Question

A vibratory motion is represented by $\mathrm{x}=2\mathrm{Acos\omega t}+\mathrm{Acos}\left(\mathrm{\omega t}+\frac{\mathrm{\pi }}{2}\right)+\mathrm{Acos}(\mathrm{\omega t}+\mathrm{\pi })+\left(\frac{\mathrm{A}}{2}\right)\cos \left(\mathrm{\omega t}+\frac{3\mathrm{\pi }}{2}\right)$. The resultant amplitude of the motion is

• A. $\frac{9\mathrm{A}}{2}$
• B. $\frac{\sqrt{5}\mathrm{A}}{2}$
• C. $\frac{5\mathrm{A}}{2}$
• D. $2\mathrm{A}$

Answer 1

The correct option is B

$\frac{\sqrt{5}\mathrm{A}}{2}$

Step 1: Given data

Vibratory motion, $\mathrm{x}=2\mathrm{Acos\omega t}+\mathrm{Acos}\left(\mathrm{\omega t}+\frac{\mathrm{\pi }}{2}\right)+\mathrm{Acos}(\mathrm{\omega t}+\mathrm{\pi })+\left(\frac{\mathrm{A}}{2}\right)\cos \left(\mathrm{\omega t}+\frac{3\mathrm{\pi }}{2}\right)$

Step 2: To find

We have to determine the resultant amplitude of the motion

Step 3: Calculation

Vibrational motion occurs whenever a body moves back and forth about its mean position. Vibratory motion is defined as any item moving/swinging back and forth, vertically and horizontally, pulsing, and so on.
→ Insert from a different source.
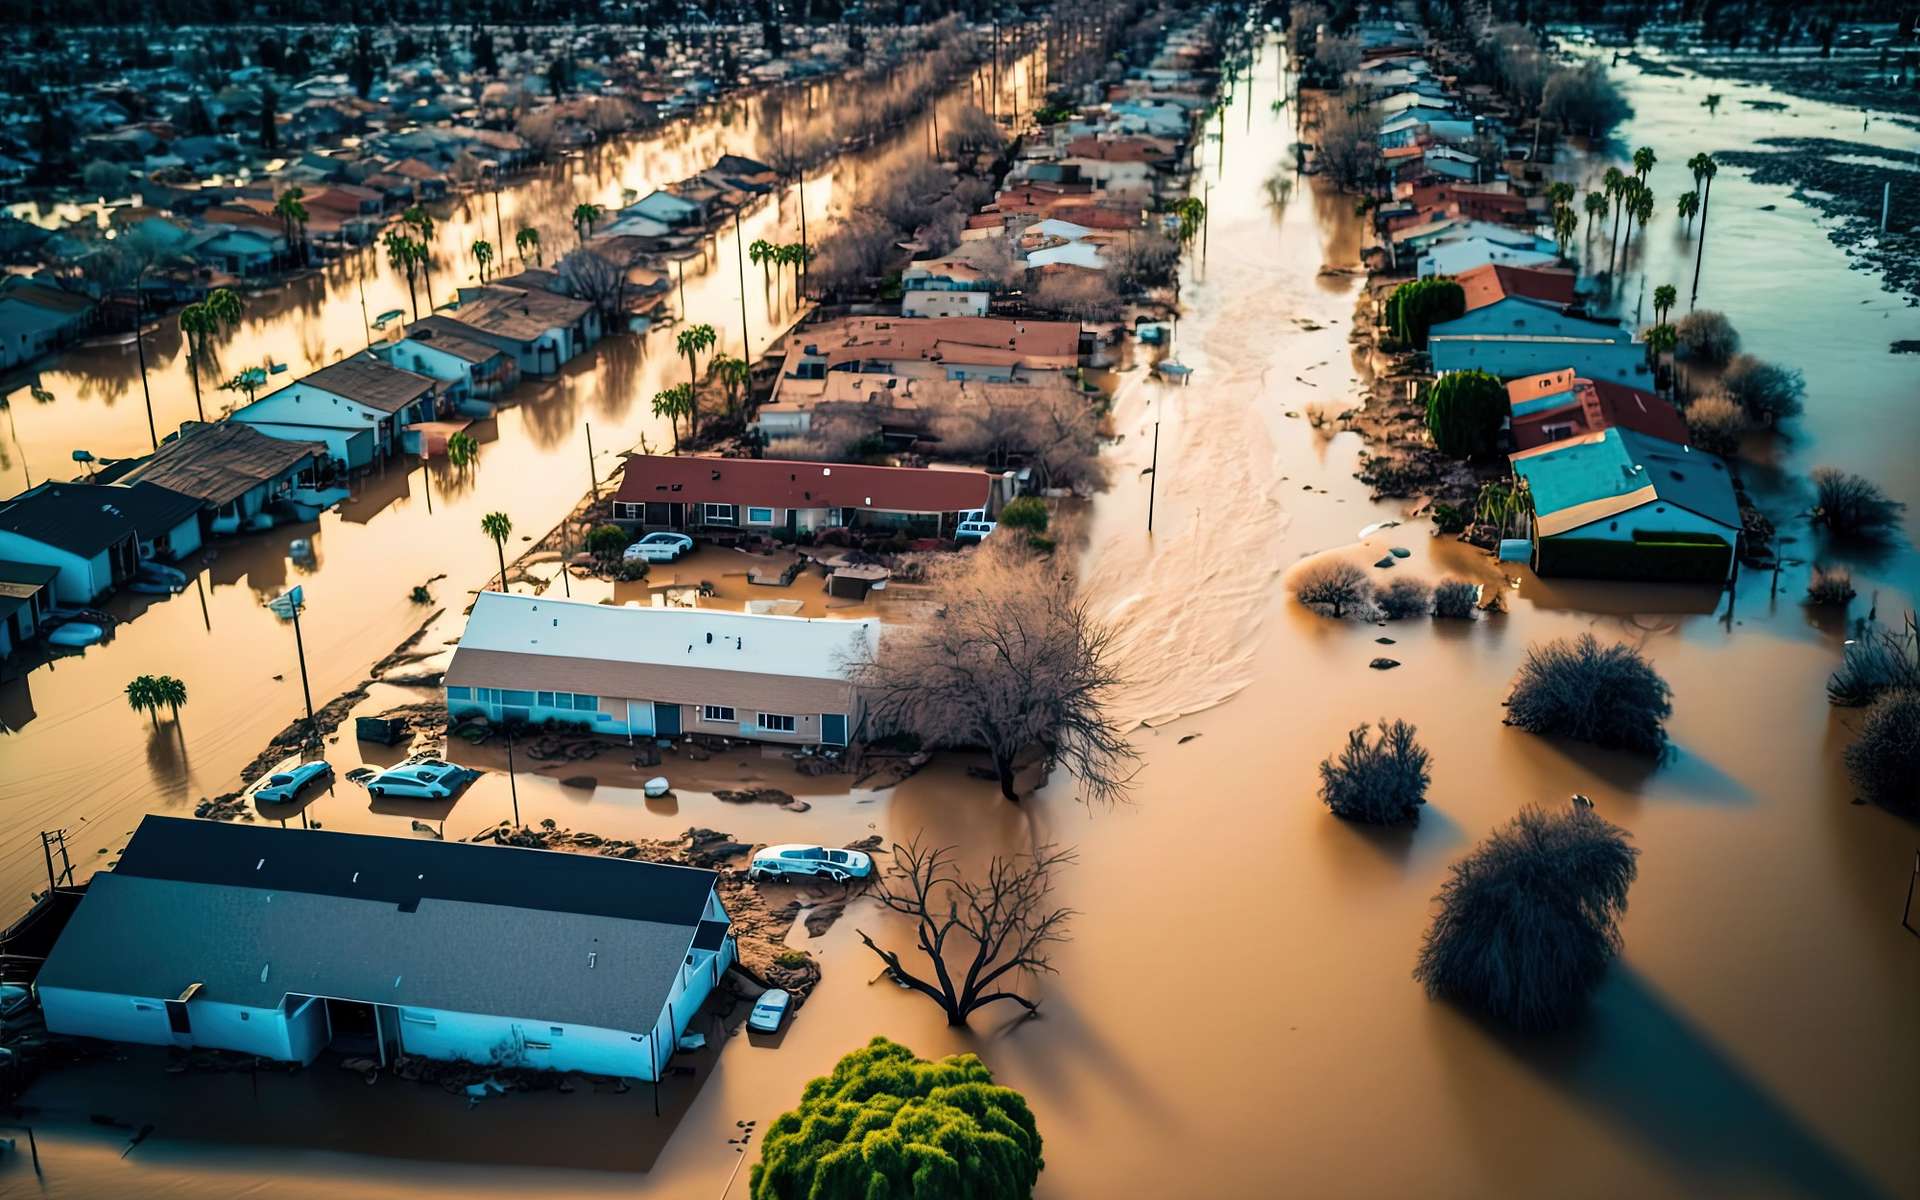 Inondations majeures : ces régions du monde qui doivent se préparer au pire avec le réchauffement climatique
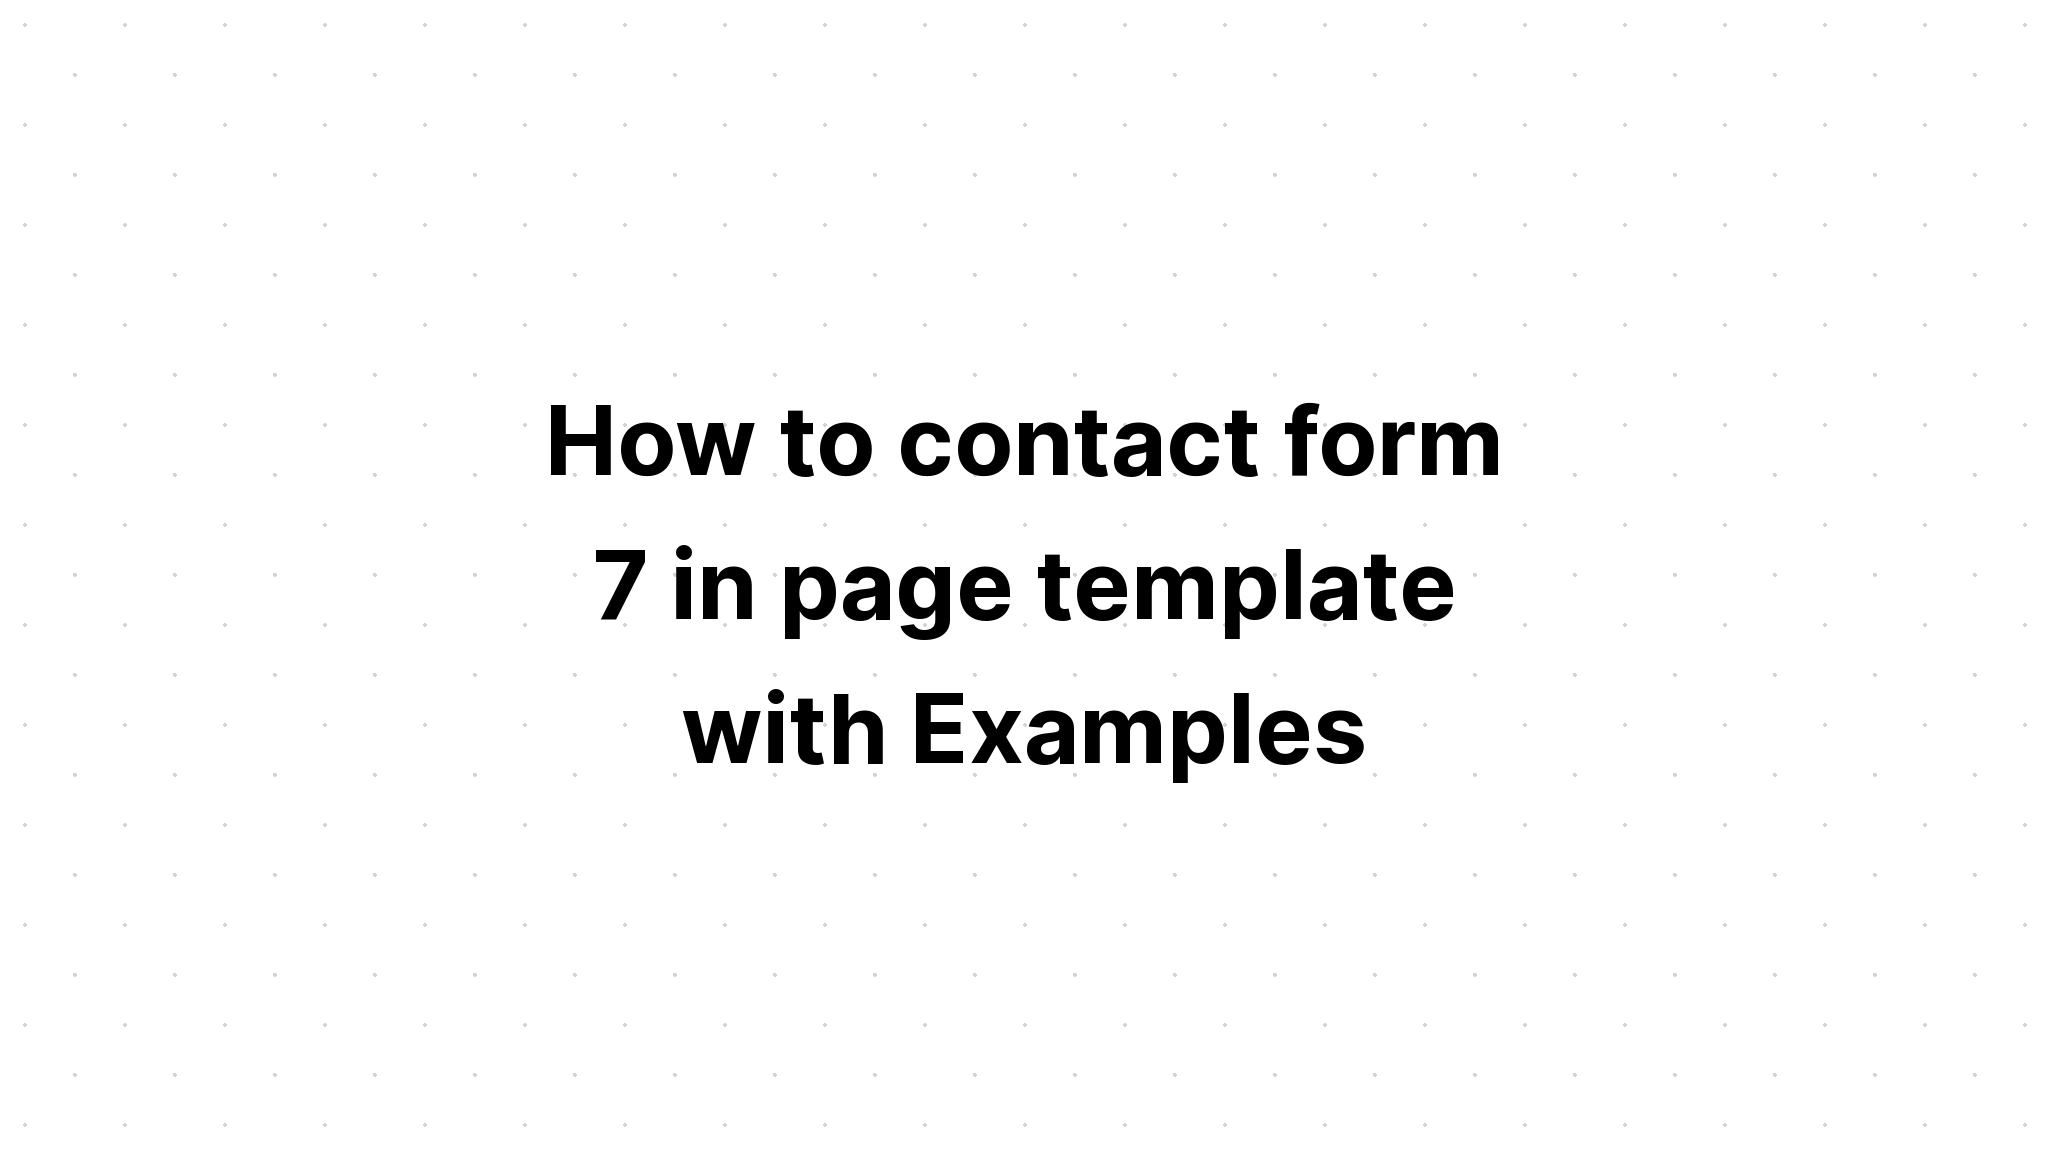 Cách liên hệ với biểu mẫu 7 trong mẫu trang với các ví dụ

$\therefore \cos (\mathrm{A}+\mathrm{B})=\mathrm{cosA}\mathrm{cosB}-\mathrm{sinA}\sin \mathrm{B}$

$$\begin{gathered} \Rightarrow \mathrm{x}=2\mathrm{Acos\omega t}+\mathrm{Acos}\left(\mathrm{\omega t}+\frac{\mathrm{\pi }}{2}\right)+\mathrm{Acos}(\mathrm{\omega t}+\mathrm{\pi })+\left(\frac{\mathrm{A}}{2}\right)\cos \left(\mathrm{\omega t}+\frac{3\mathrm{\pi }}{2}\right) \\ =2\mathrm{Acos\omega t}–\mathrm{Asin\omega t}–\mathrm{Acos\omega t}+\left(\frac{\mathrm{A}}{2}\right)\mathrm{sin\omega t} \\ =\mathrm{Acos\omega t}-\left(\frac{\mathrm{A}}{2}\right)\mathrm{sin\omega t} \end{gathered}$$

Now,

The resultant amplitude be:

$$\begin{gathered} \Rightarrow \mathrm{A}’=\surd ({\mathrm{A}}^2+{(-\mathrm{A}/2)}^2) \\ =\left(\frac{\sqrt{5}}{2}\right)\mathrm{A} \\ =\frac{\sqrt{5}\mathrm{A}}{2} \end{gathered}$$

Therefore, option B is the correct choice.